*Exercise*
Under this line is some data; print exactly the lines from the one containing "Подвеска из сплава" through its last line, without pictures.

*Records supplied*
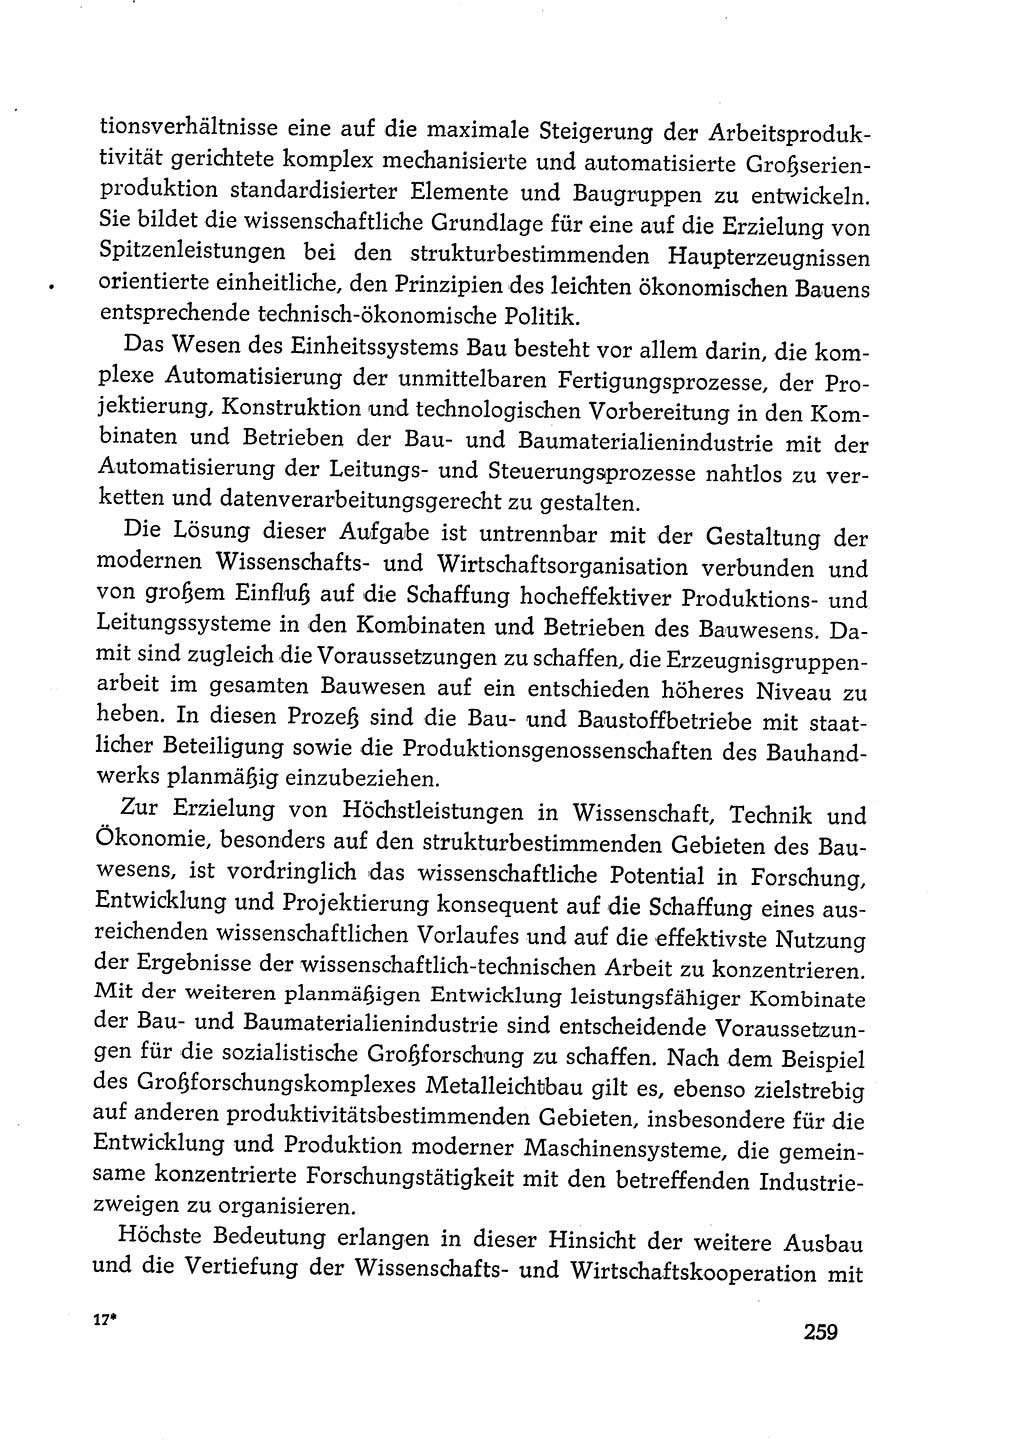 Dokumente der Sozialistischen Einheitspartei Deutschlands (SED) [Deutsche Demokratische Republik (DDR)] 1968-1969, Seite 259 (Dok. SED DDR 1968-1969, S. 259)
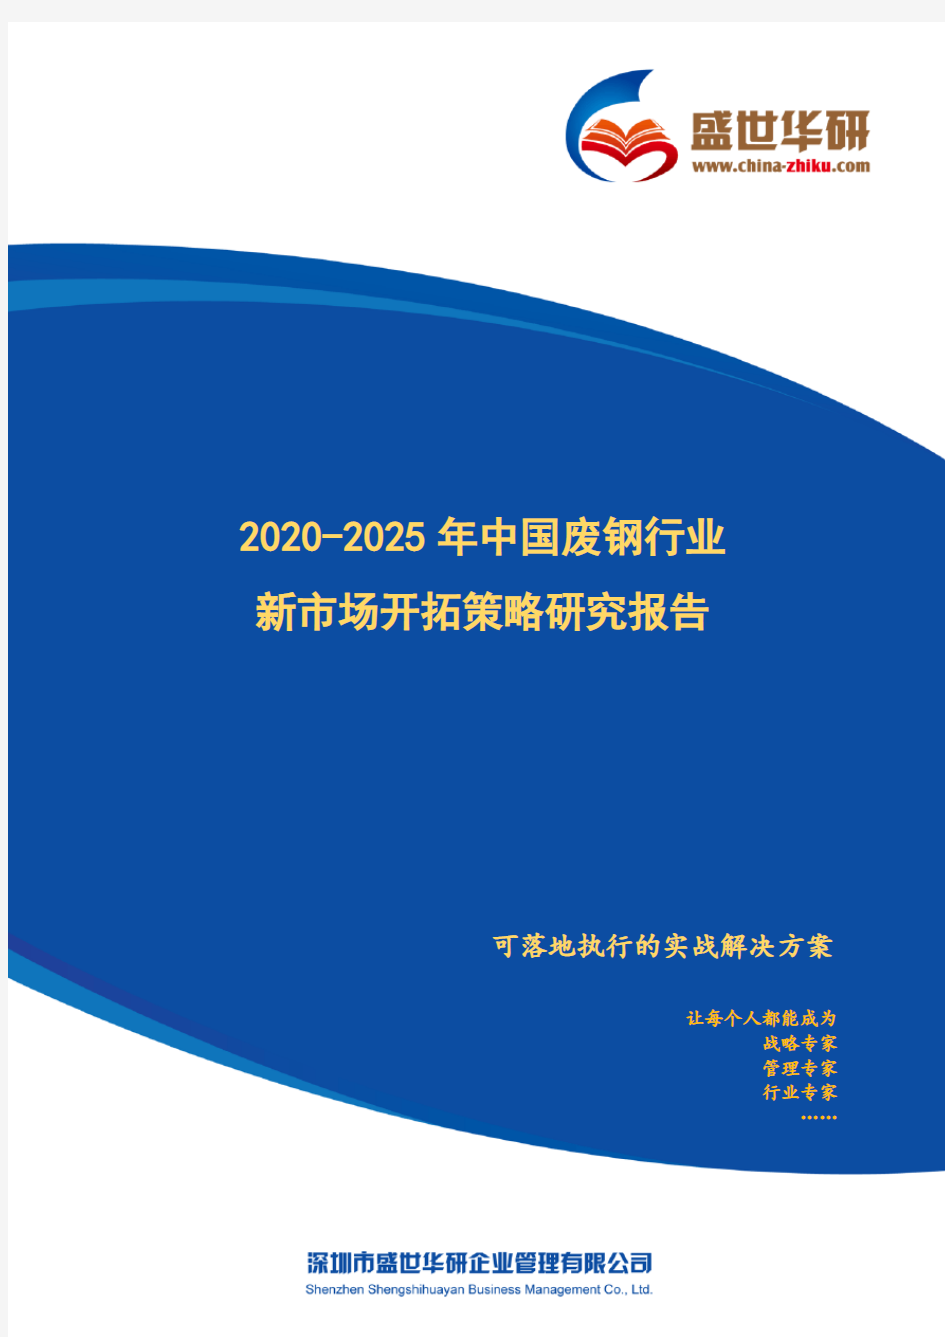 【完整版】2020-2025年中国废钢行业新市场开拓策略研究报告
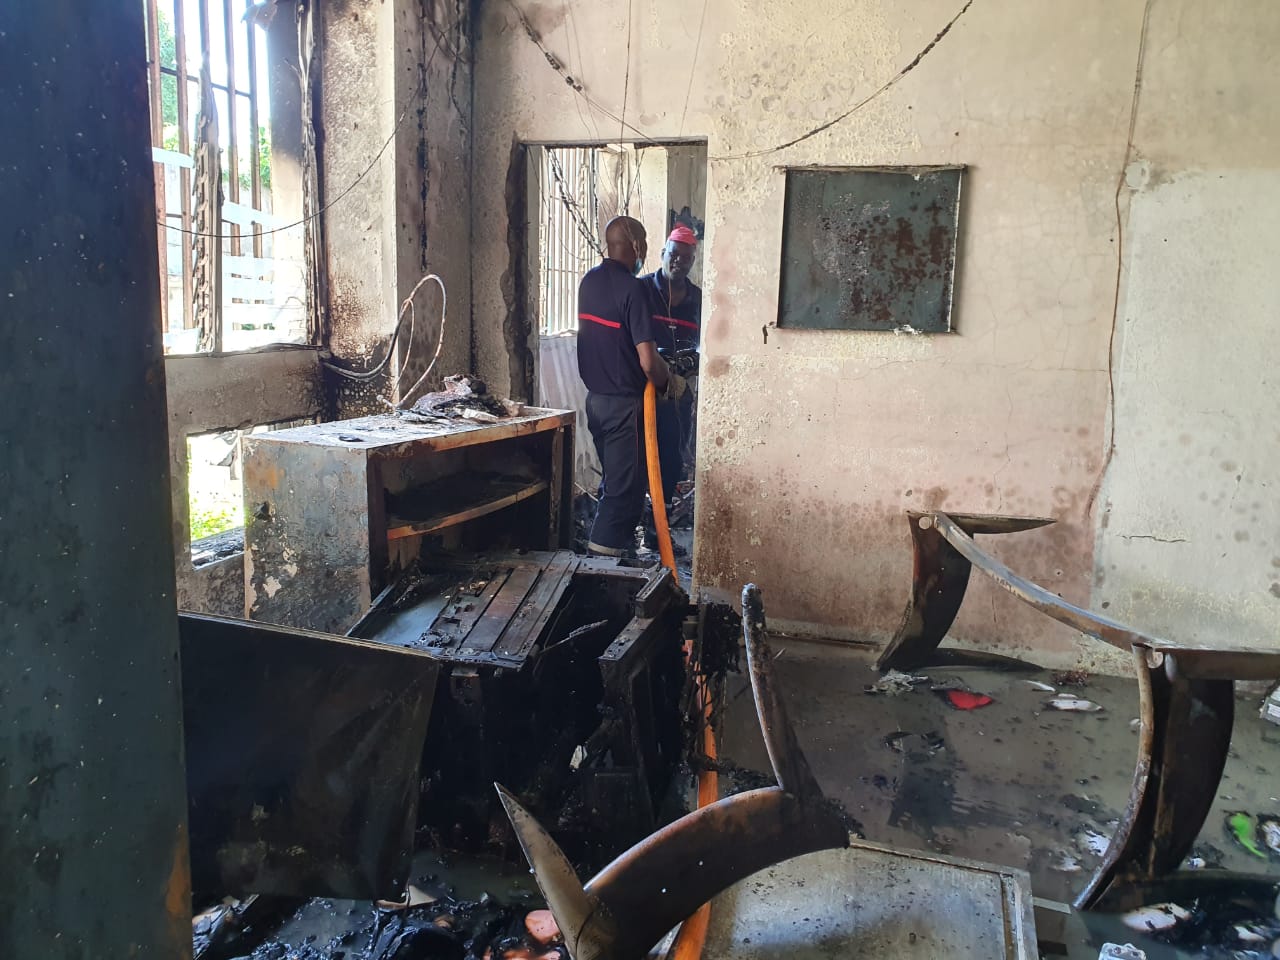     Un incendie a ravagé des locaux administratifs du lycée professionnel de Blanchet

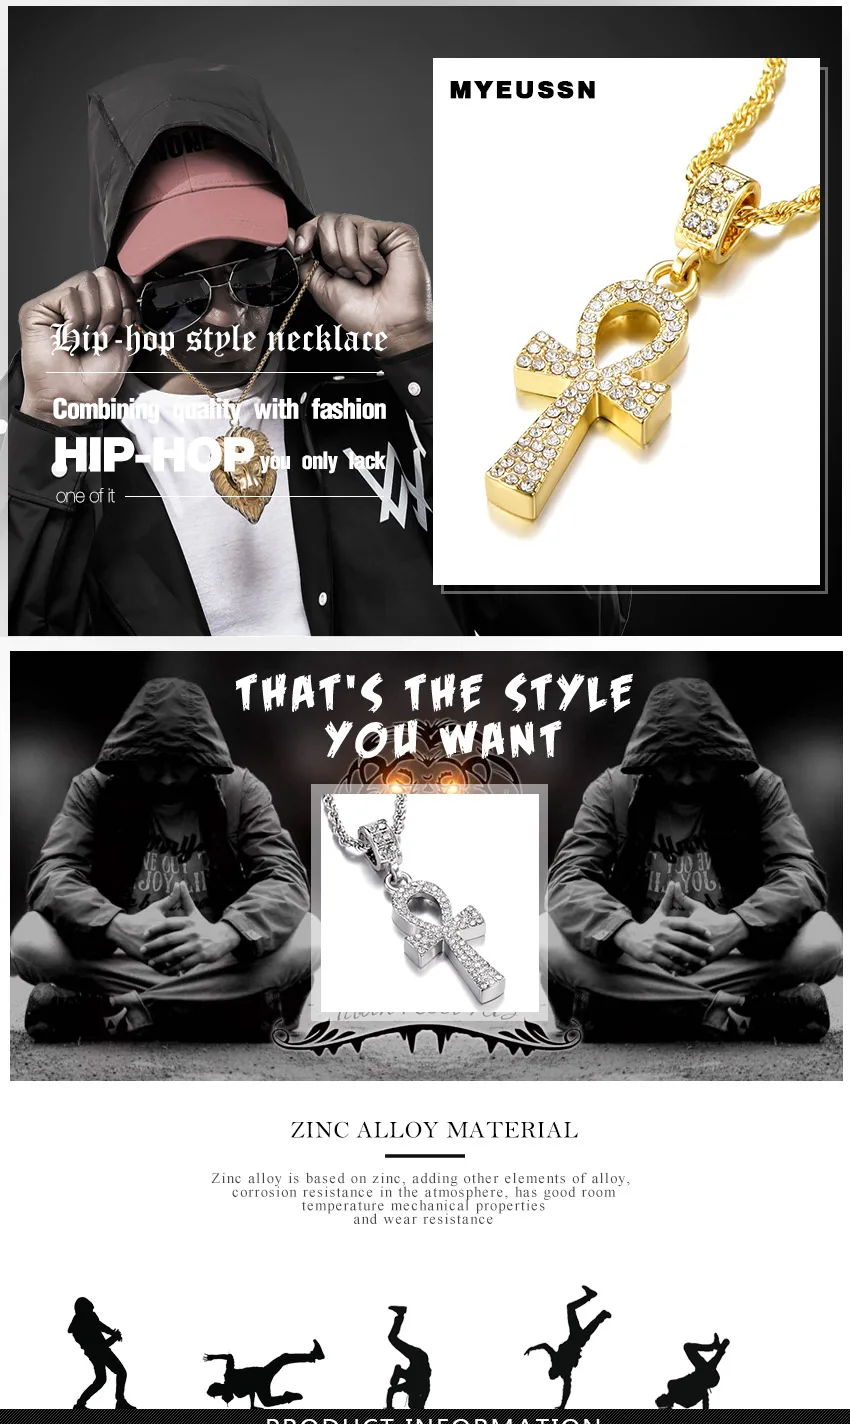 Подвеска из сплава с крестом для мужчин, золото/серебро, ключ жизни, египетское ожерелье с подвеской в стиле хип-хоп, ювелирное изделие со льдом, кристалл, браслет, побрякушка
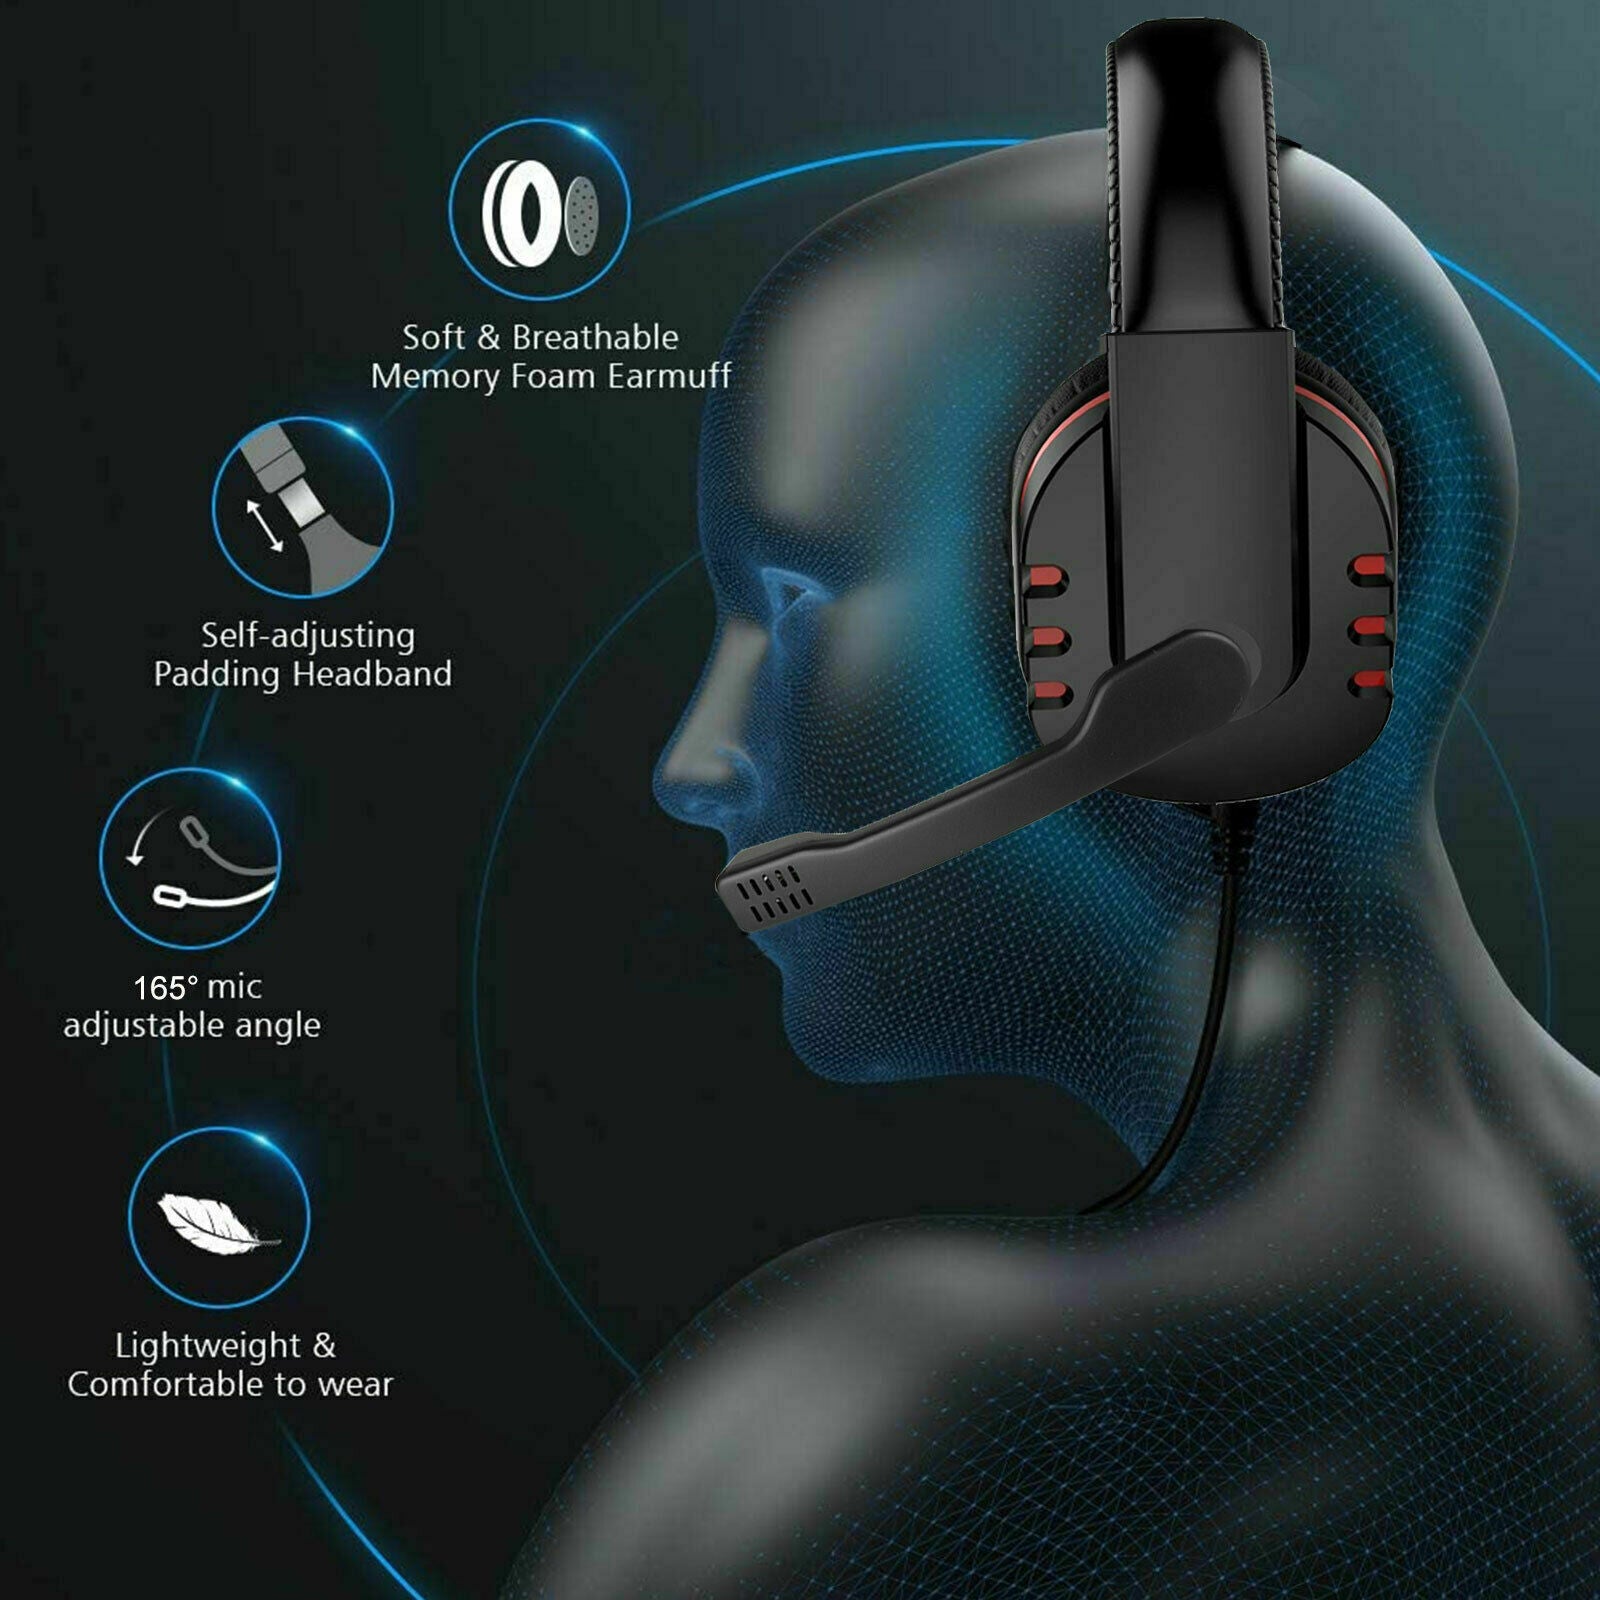 Headphones Pro Gamer Headset for PS4 PlayStation 4 - Bargains4PenniesHeadphones Pro Gamer Headset for PS4 PlayStation 4Bargains4Pennies

*Result for this task*
 Подвеска из сплава с крестом для мужчин, золото/серебро, ключ жизни, египетское ожерелье с подвеской в стиле хип-хоп, ювелирное изделие со льдом, кристалл, браслет, побрякушка
 Headphones Pro Gamer Headset for PS4 PlayStation 4 - Bargains4PenniesHeadphones Pro Gamer Headset for PS4 PlayStation 4Bargains4Pennies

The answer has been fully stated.